[Directions] The data below should be printed in full, exactly, and without any of its images.

[Dataset excerpt]
# # # # #

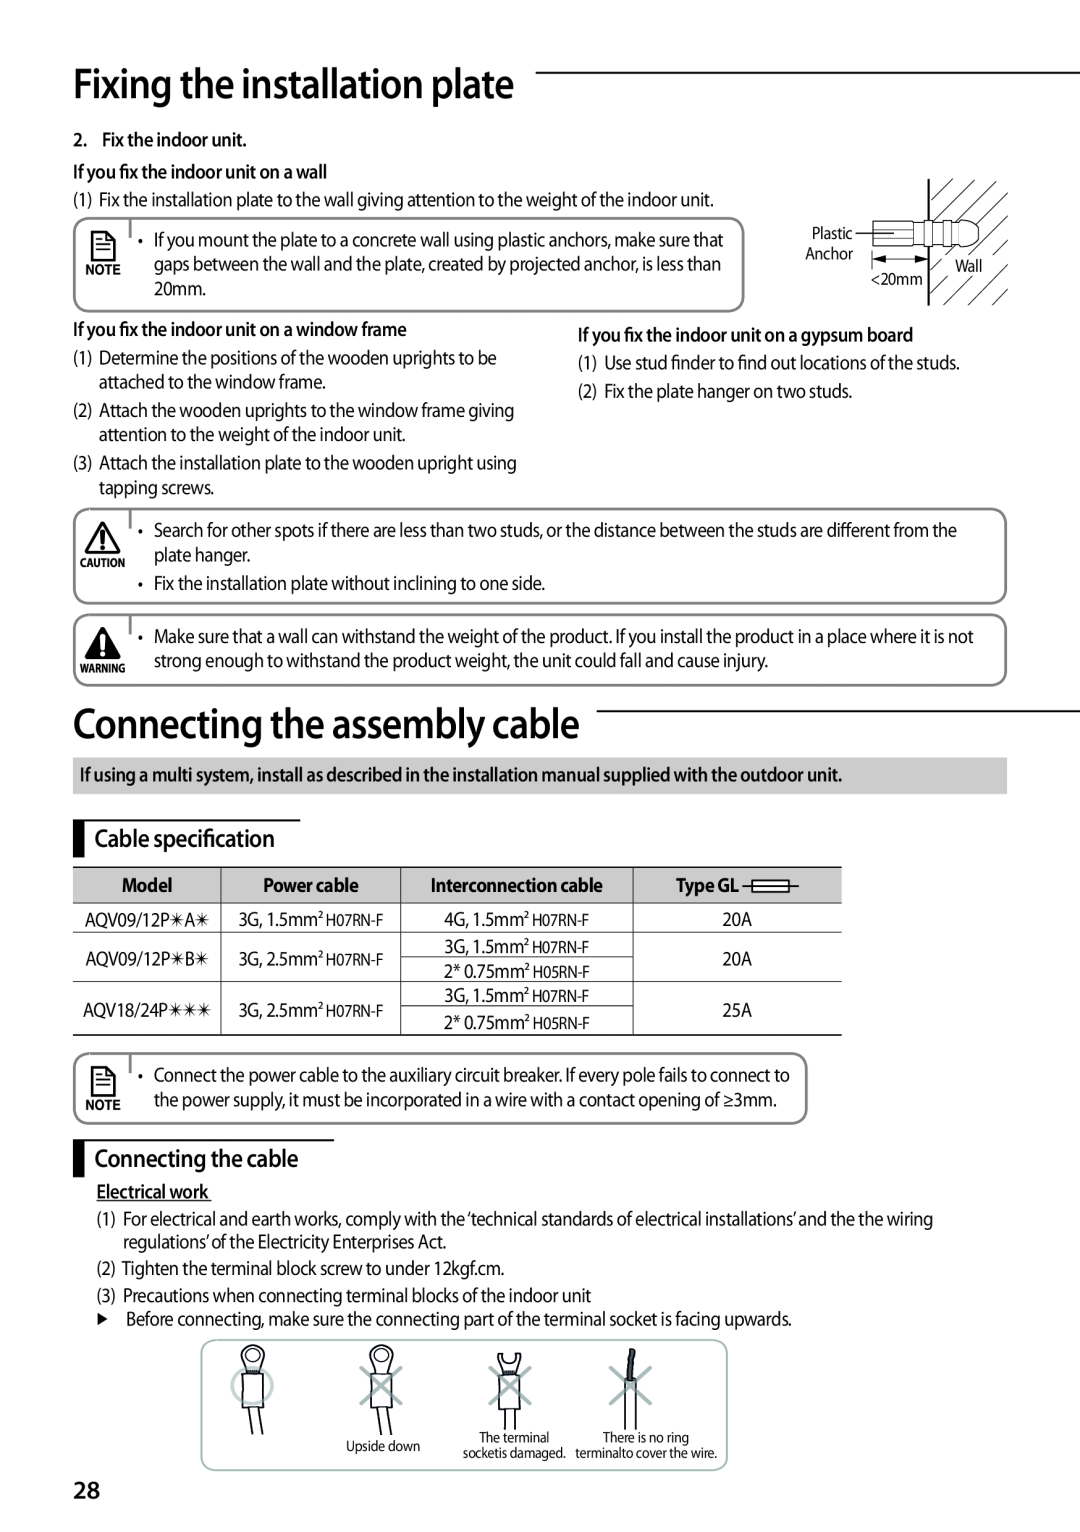 Samsung AQV24PSBXSER manual Connecting the assembly cable, Cable specification, Connecting the cable, Power cable, Model 
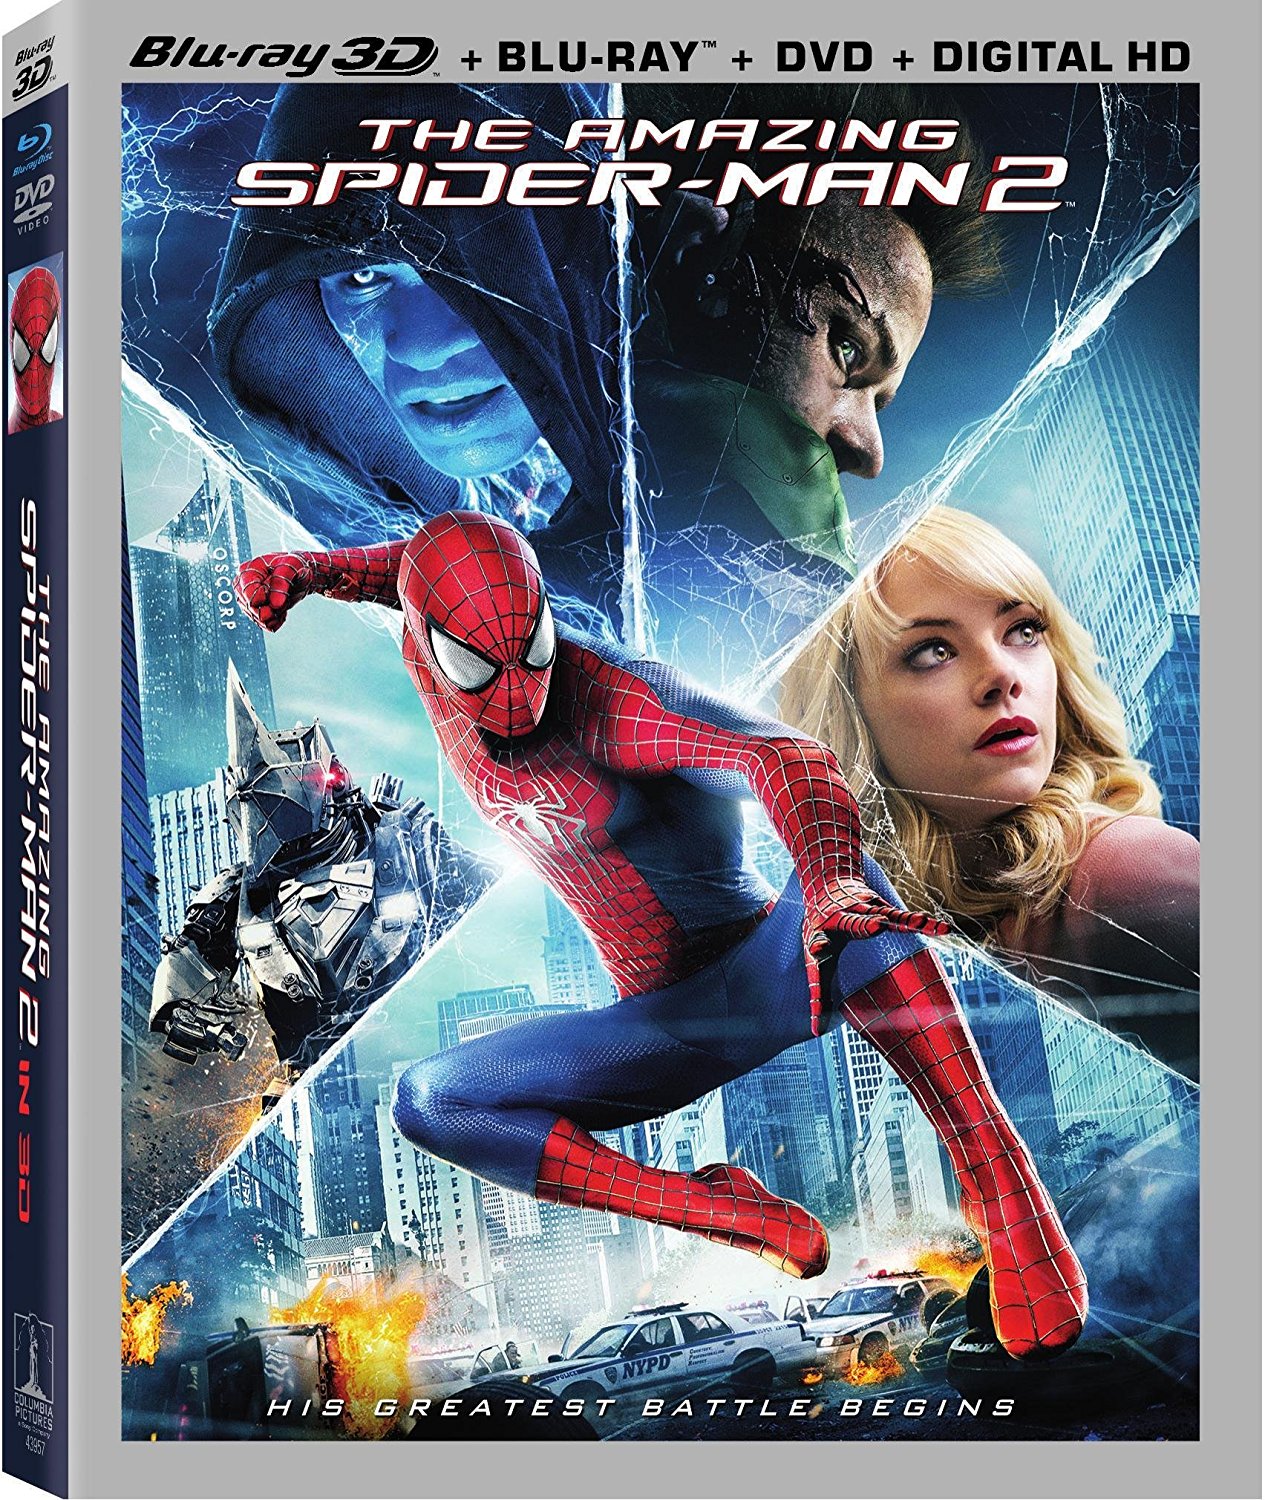 The Amazing Spider-Man 2 – 3D/Blu-Ray/DVD/UltraViolet Combo Pack – Just $9.99!
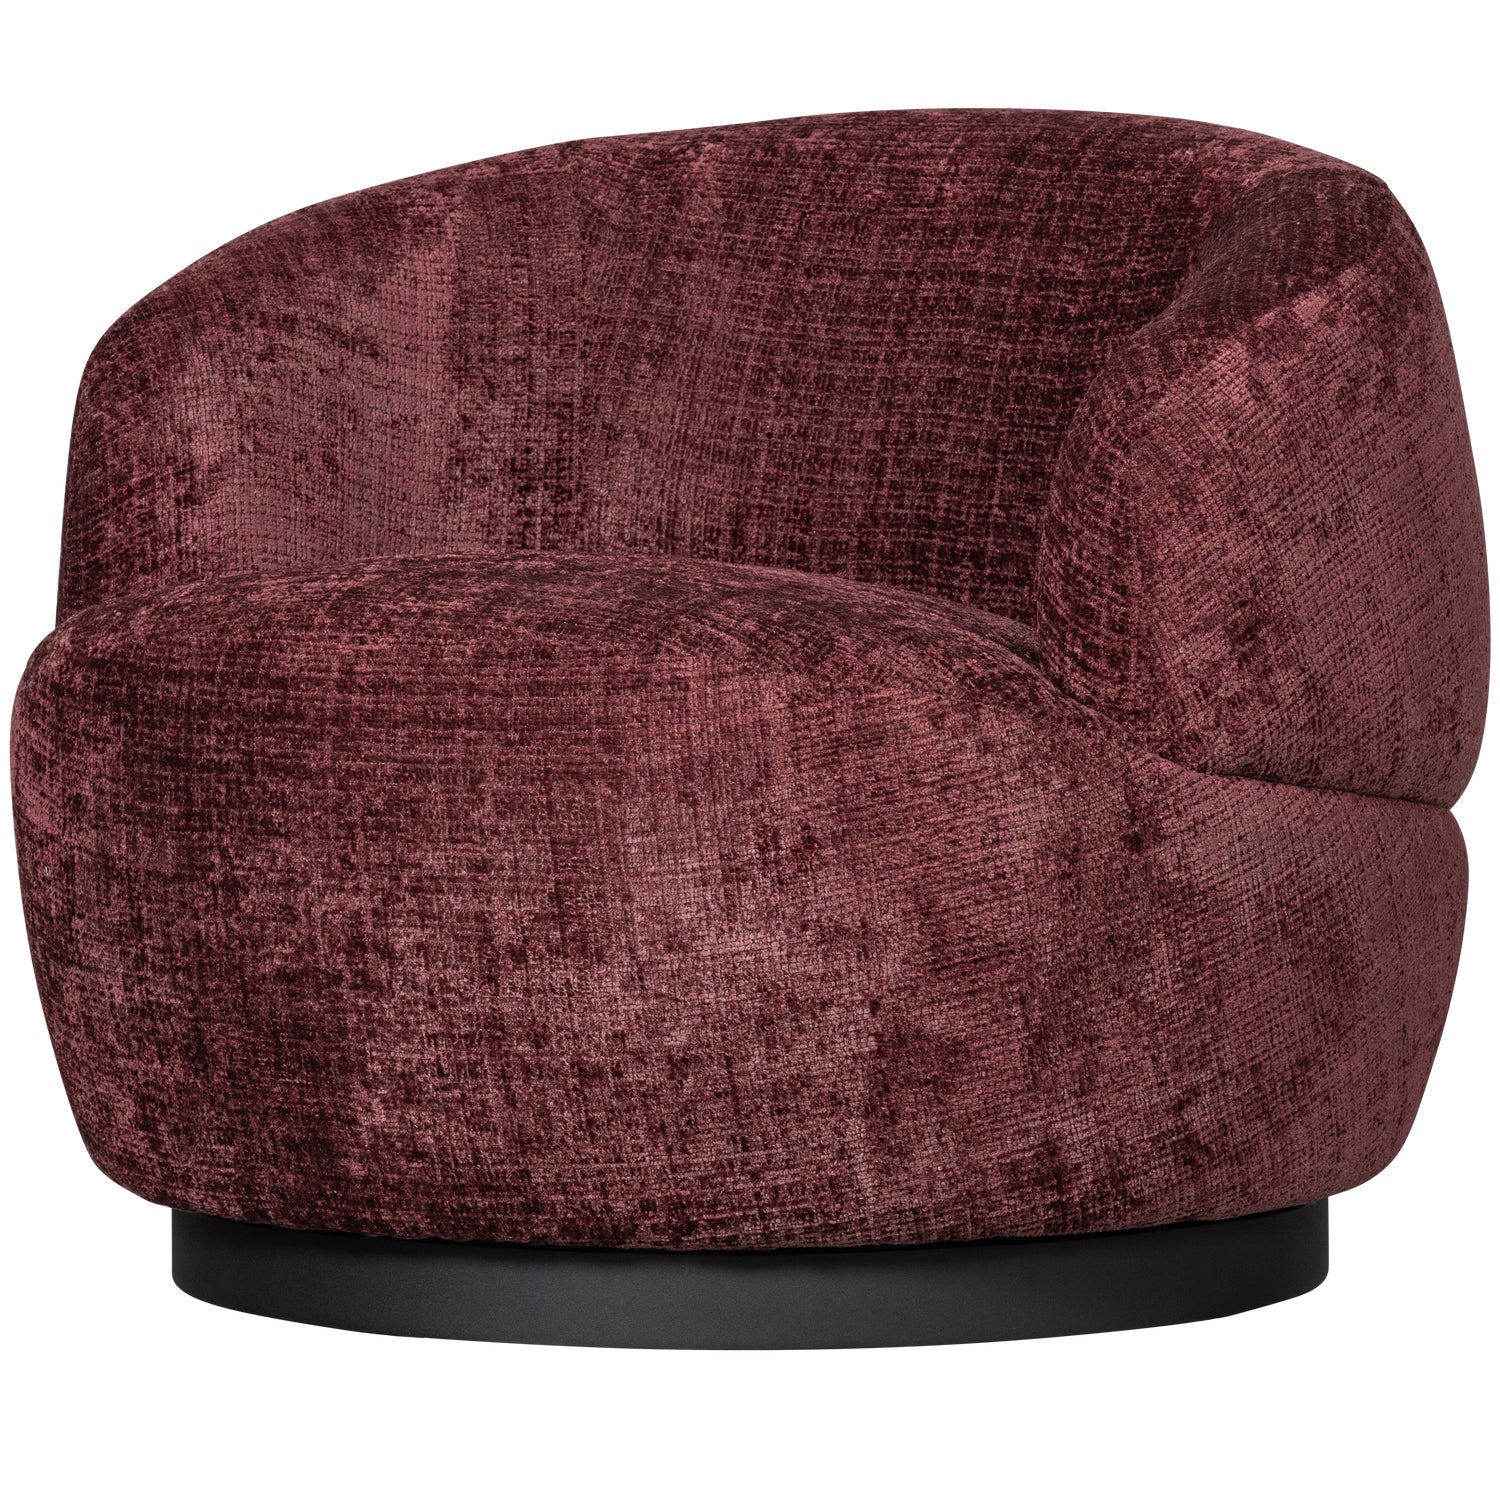 800037-A-02_VS_FA_Woolly_draaifauteuil_chenille_aubergine_SA.png?auto=webp&format=png&width=1500&height=1500

# # # # #

[Answer section]
 Samsung AQV24PSBXSER manual Connecting the assembly cable, Cable specification, Connecting the cable, Power cable, Model 
 The Amazing Spider-Man 2 – 3D/Blu-Ray/DVD/UltraViolet Combo Pack – Just $9.99!
 800037-A-02_VS_FA_Woolly_draaifauteuil_chenille_aubergine_SA.png?auto=webp&format=png&width=1500&height=1500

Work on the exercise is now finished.